Le 3ème album de Rue de la Muette s’appelle “Les mauvais coups” ceux qu’on donne, qu’on reçoit, qu’on fait en douce ou au grand jour, qui laissent des traces ou se font oublier pour réapparaître douloureusement beaucoup plus tard...
Les chansons sont de Patrick Ochs, souvent sur des musiques d’Etienne Vitté : histoire d’un leader fasciste à la tête d’une cohorte d’enfants soldats qui brûle tout sur son passage sans qu’on sache vraiment pourquoi, fumée des villages pillés qui s’élève vers le ciel ; de gentils miliciens qui font juste ce qu’on leur ordonne, une reprise de “Je chante” de Charles Trénet soutenu par un banjo fragile comme le vent ; des ponts qu’on traverse, parfois du bon, parfois du mauvais côté ; des funambules sur un fil tendu entre 2 tours.
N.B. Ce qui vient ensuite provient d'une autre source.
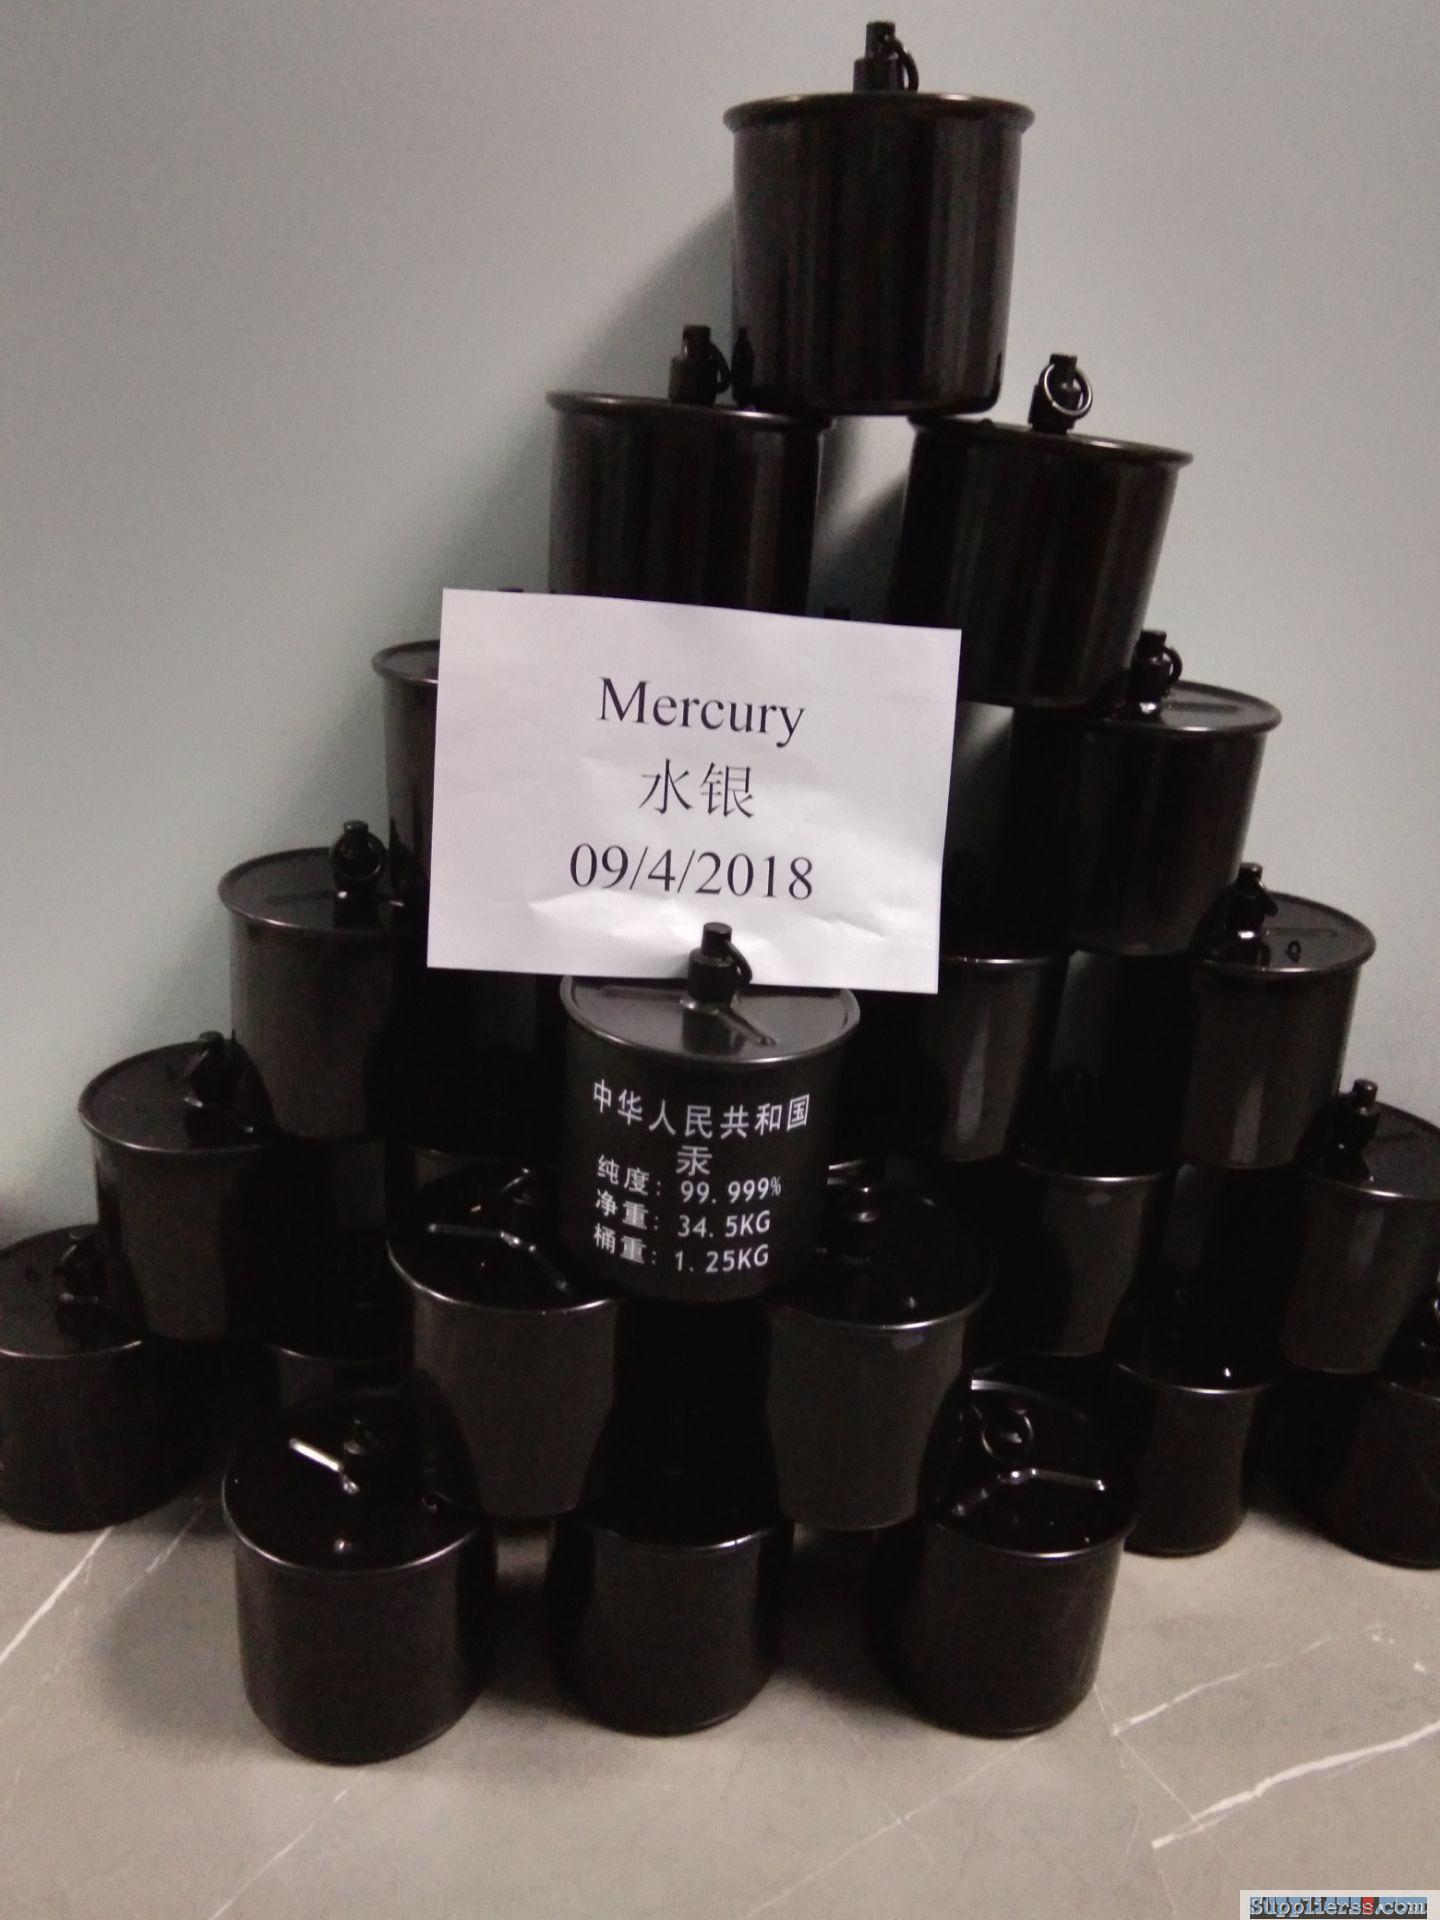 mercury 99.999% mercury 7439-97-6 Quicksilver liquid pmk bmk 13605-48-6 4433-77-6

Des petits rois d’opérette qui défilent dans leur jolis carrosses devant leur peuple contenu par de braves flics et de gentils molosses. Des ours qui dansent, des leaders assassins que des gosses assassinent afin de reprendre leur place.

 
   
Je m’appelle Albert, au milieu
du pont, la fumée s’envole
des maisons jusqu’aux nuages !
Qui brûle mon village ?
Six miliciens, si gentils voisins,
ne sont pas si méchants
quand ils sont à jeun.

« Albert au milieu du pont »
Extrait de l’album « Les mauvais coups »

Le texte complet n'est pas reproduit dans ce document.